Cela étant et compte tenu des limites mêmes de la comédie romantique (on est loin d’Annie Hall et de Manhattan), Magic in the Moonlight demeure une de ces fantaisies estivales charmantes, truffée d’idées originales, aux images spectaculaires du grand Darius Khondji tournées en 53 mm au long de la Riviera si photogénique. Ajoutez des répliques aiguisées que, en fermant les yeux, on croit sorties de la bouche de Woody Allen, tant ses névroses et ses questionnements demeurent collés à sa propre bouille. Colin Firth est un des nombreux alter ego que le cinéaste s’offre depuis qu’il se sent trop vieux (il y a mis le temps) pour jouer les séducteurs.

 

Ici, dans la beauté du paysage, deux forces s’affrontent. Le grand illusionniste londonien Stanley Crawford déguisé en Chinois, Wei Ling Soo, se spécialise, entre ses spectacles, dans la traque aux médiums qui abusent de la crédulité des gens en faisant croire à leurs dons psychiques. Grognon et goujat, fiancé mais malheureux, le voici qui se laisse convaincre par un de ses collègues et amis, Howard Burkan (Simon McBurney, parfait faire-valoir), d’aller confondre une jeune médium, Sophie Baker (Emma Stone), flanquée de sa mère (Marcia Gay Harden), que personne n’arrive à prendre en faute et qui semble dotée de vrais dons de spirite. Ces dames sont abritées par la riche famille Catledge, de la Côte d’Azur, au grand dadais de fils (Hamish Linklater) épris de la spirite. Pour l’élégance des parures et du mobilier, on n’est pas loin de The Great Gatsby, surtout lors d’un bal. La tante Vanessa du héros (Eileen Atkins) ressemble, de son côté, à une charmante Miss Marple, profil qui plaît toujours.

 

Dans ce combat entre la raison énoncée à grands coups d’aphorismes par Stanley Crawford et le spiritisme, incarné par Sophie aux yeux révulsés, qui entre en transe, fait tourner les tables et parler les esprits, un amour n’ose dire son nom mais s’autorise quelques escapades sur la route de l’été, comme dans un observatoire vétuste autant que romantique.

 

Magic in the Moonlight est meilleur au cours des deux premiers tiers de son parcours, alors que la mèche de l’intrigue n’est pas vendue et que la magie domine le jeu en ouvrant des horizons enchantés. Ensuite, Allen, après une pirouette, a manqué d’inspiration et tombe dans les codes de la romance assez convenue, à l’exception de quelques gags (les coups frappés par les esprits, repris en finale à des fins sentimentales). Mais, l’un dans l’autre, avec le charme de ces univers de spiritisme et d’illusionnisme entrechoqués, mariés pour le meilleur, cette comédie de Woody Allen est son Songe d’une nuit d’été qui délasse et amuse en rappelant que le manifeste de la raison pure n’est pas le plus rigolo des crédos et qu’une dose de folie demeure le sel du bonheur.

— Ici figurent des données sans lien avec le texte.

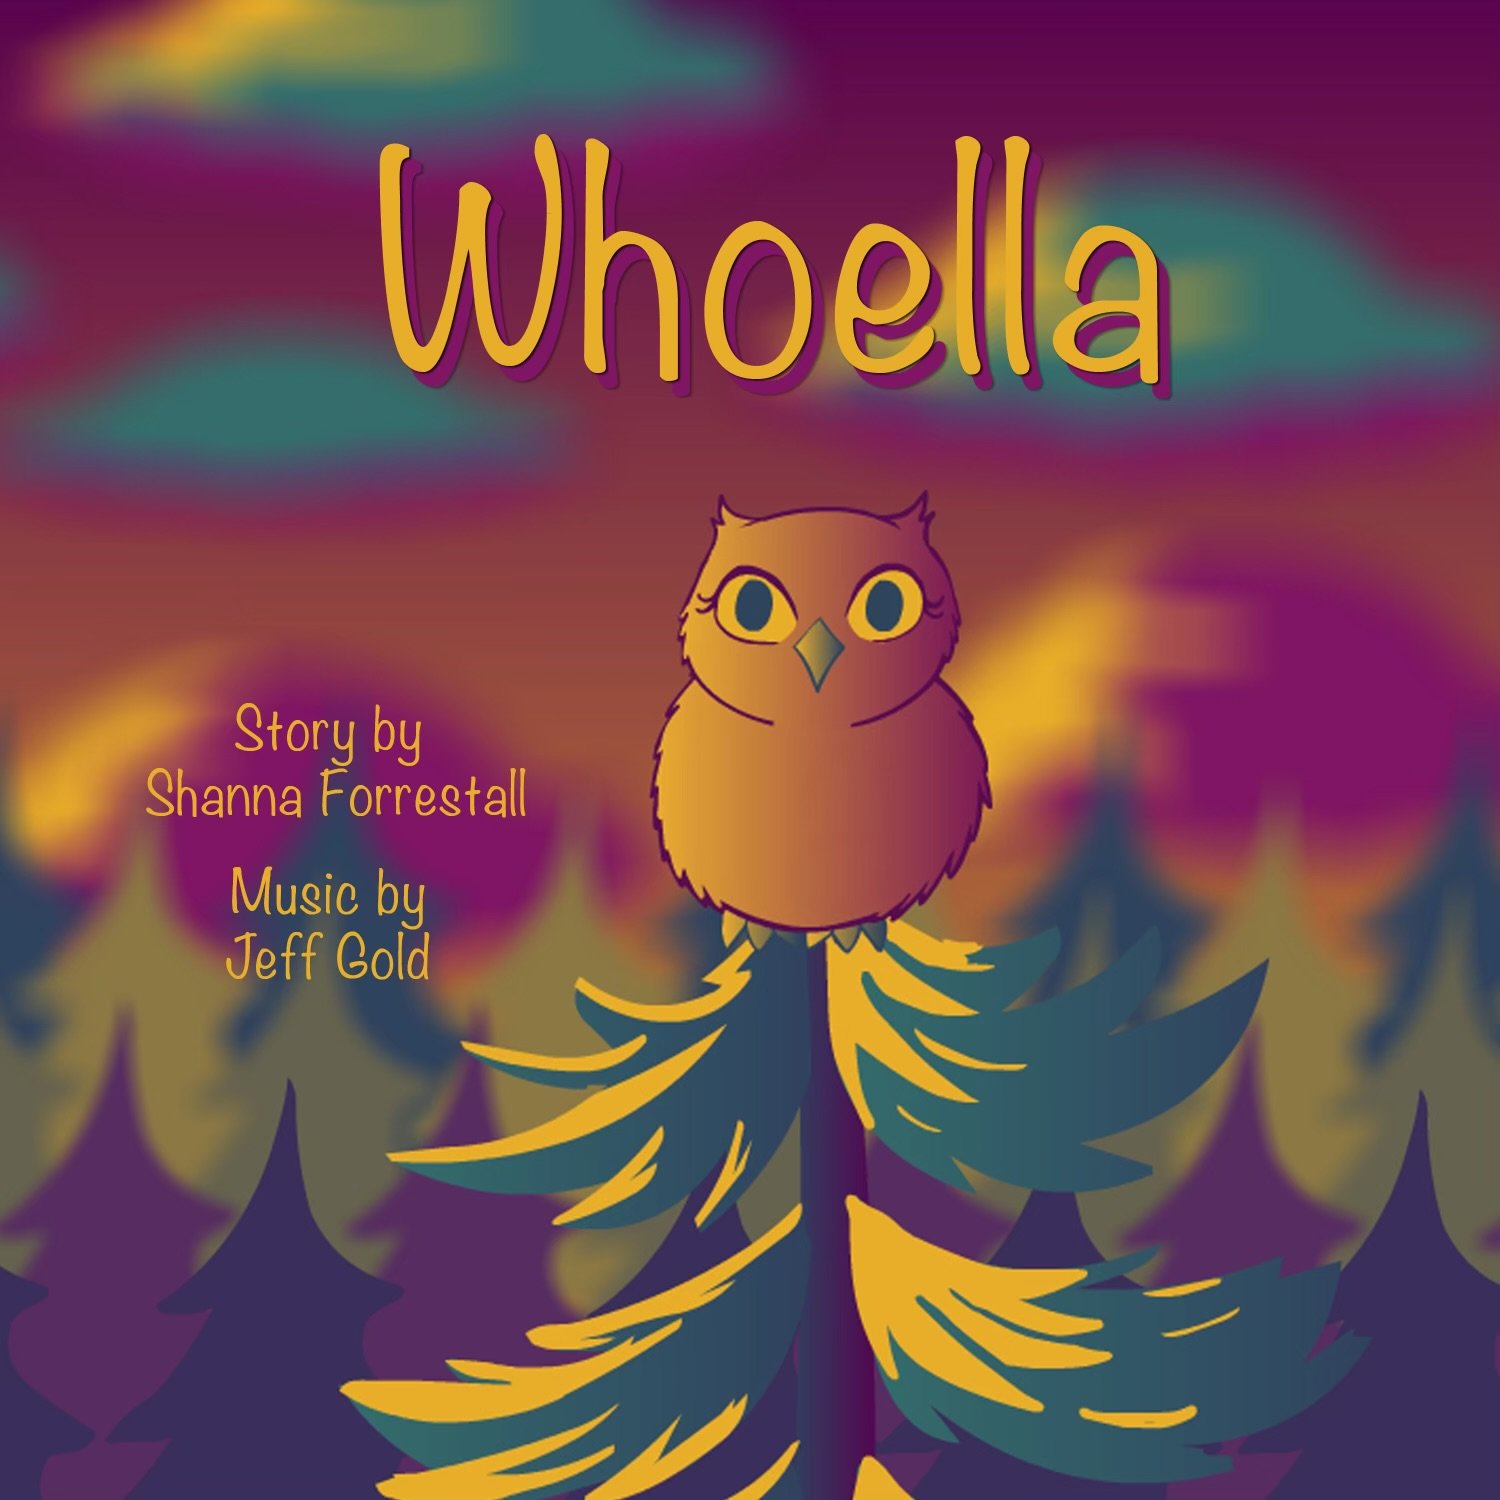 WhoElla Album Cover V1 3k.jpg
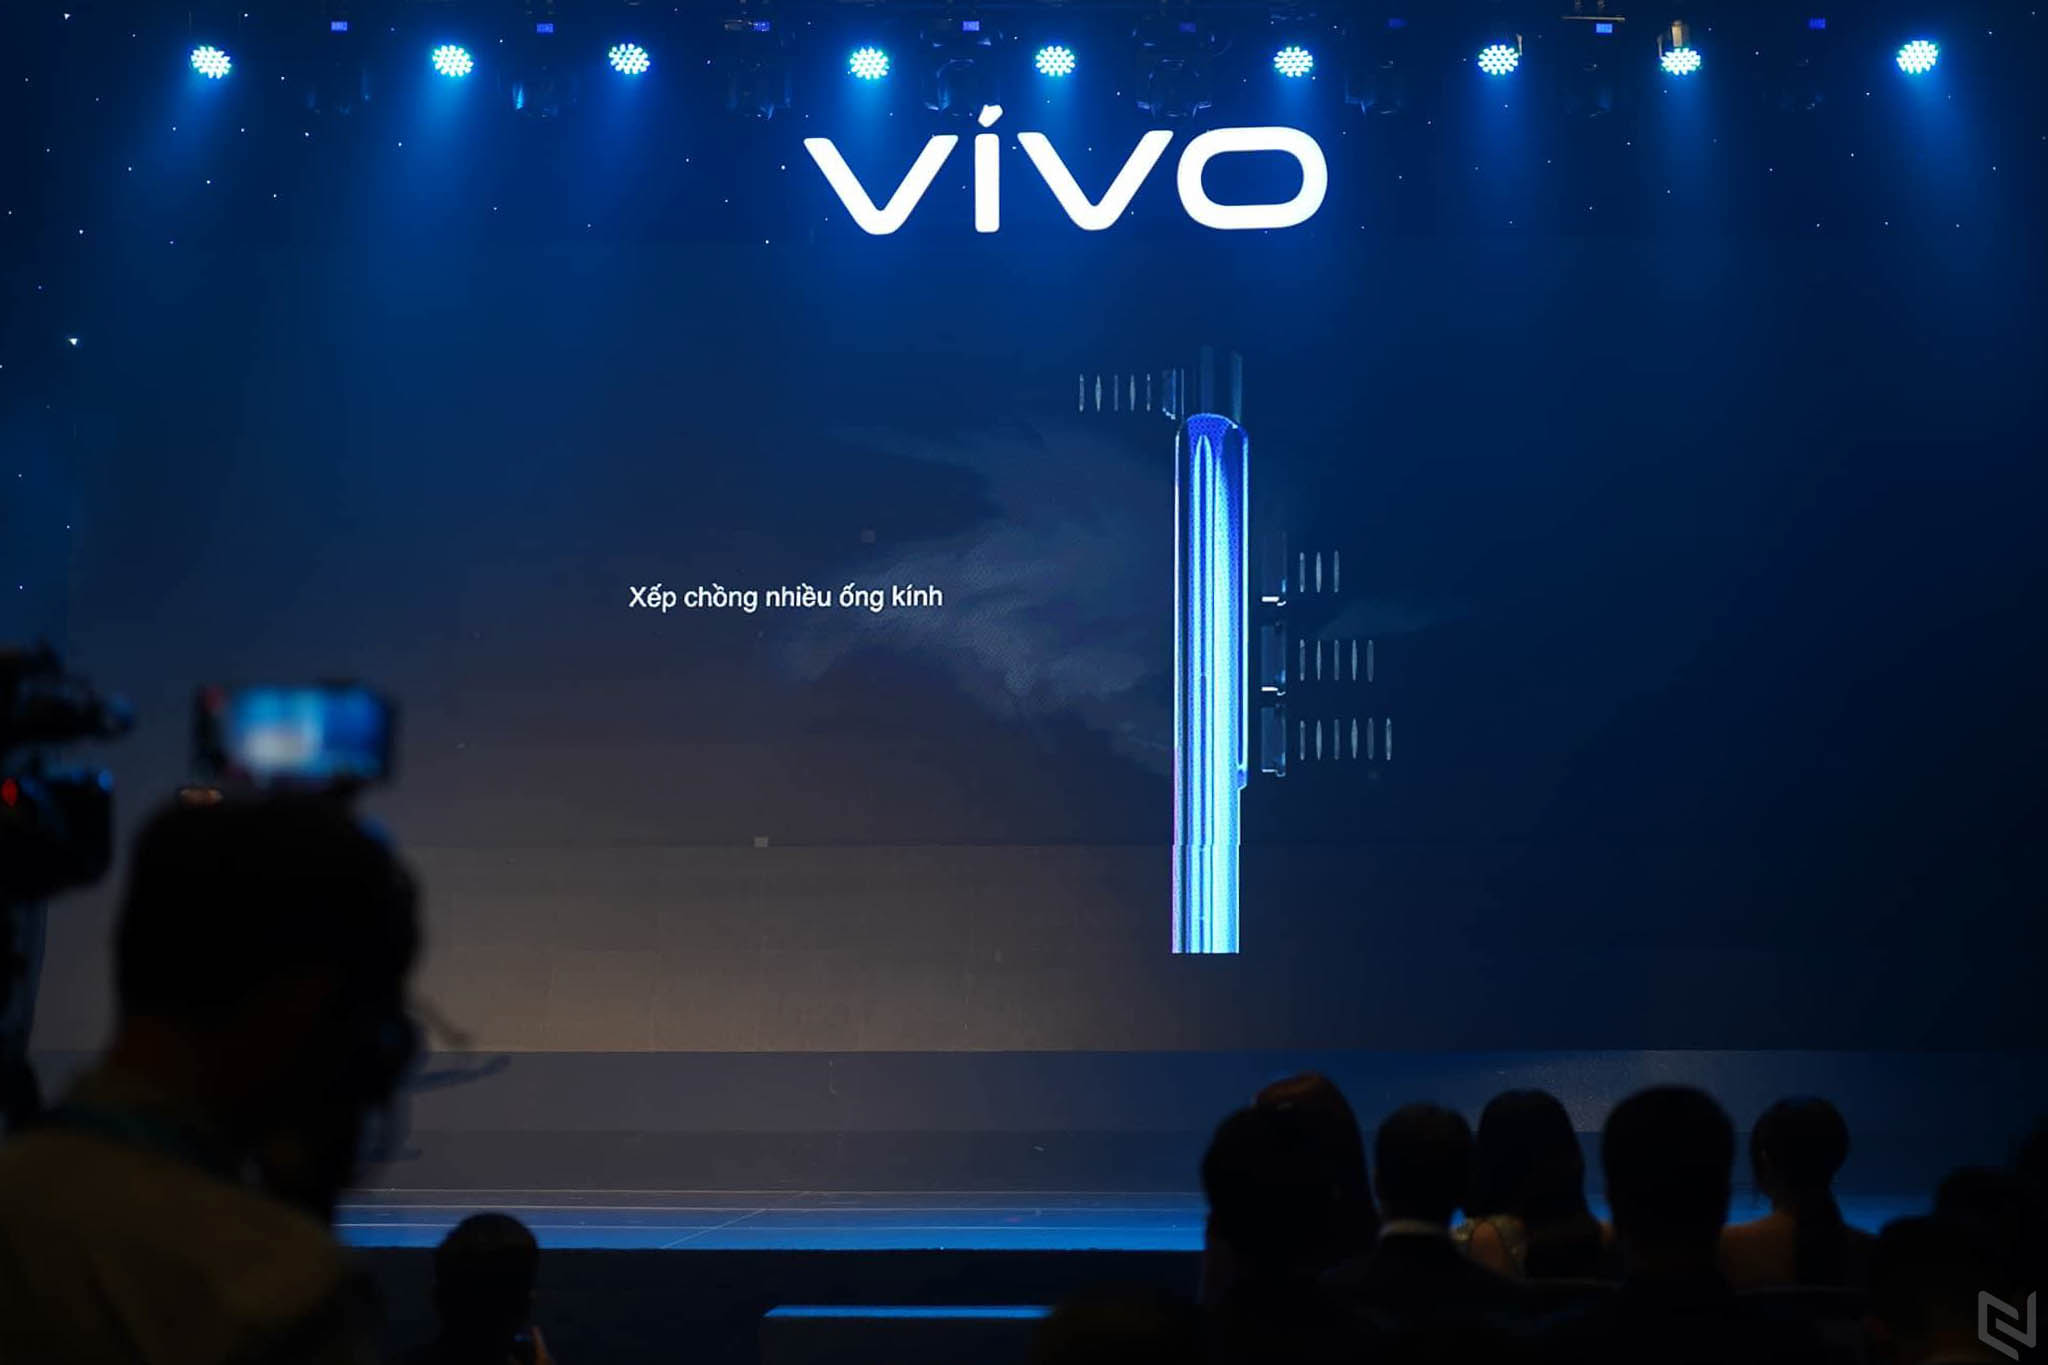 Ra mắt Vivo V15 tại Việt Nam với camera trước tàng hình 32MP, màn hình Ultra FullView, giá 7,990,000đ

Magic in the Moonlight (v.f. : Magie au clair de lune)

★★★ 1/2

Réalisation et scénario : Woody Allen. Avec Colin Firth, Emma Stone, Eileen Atkins, Marcia Gay Harden, Hamish Linklater, Simon McBurney, Jacki Weaver, Catherine McCormack, Jeremy Shamos. Image : Darius Khondji. Montage : Alisa Lepselter. États-Unis , 2014, 98 min.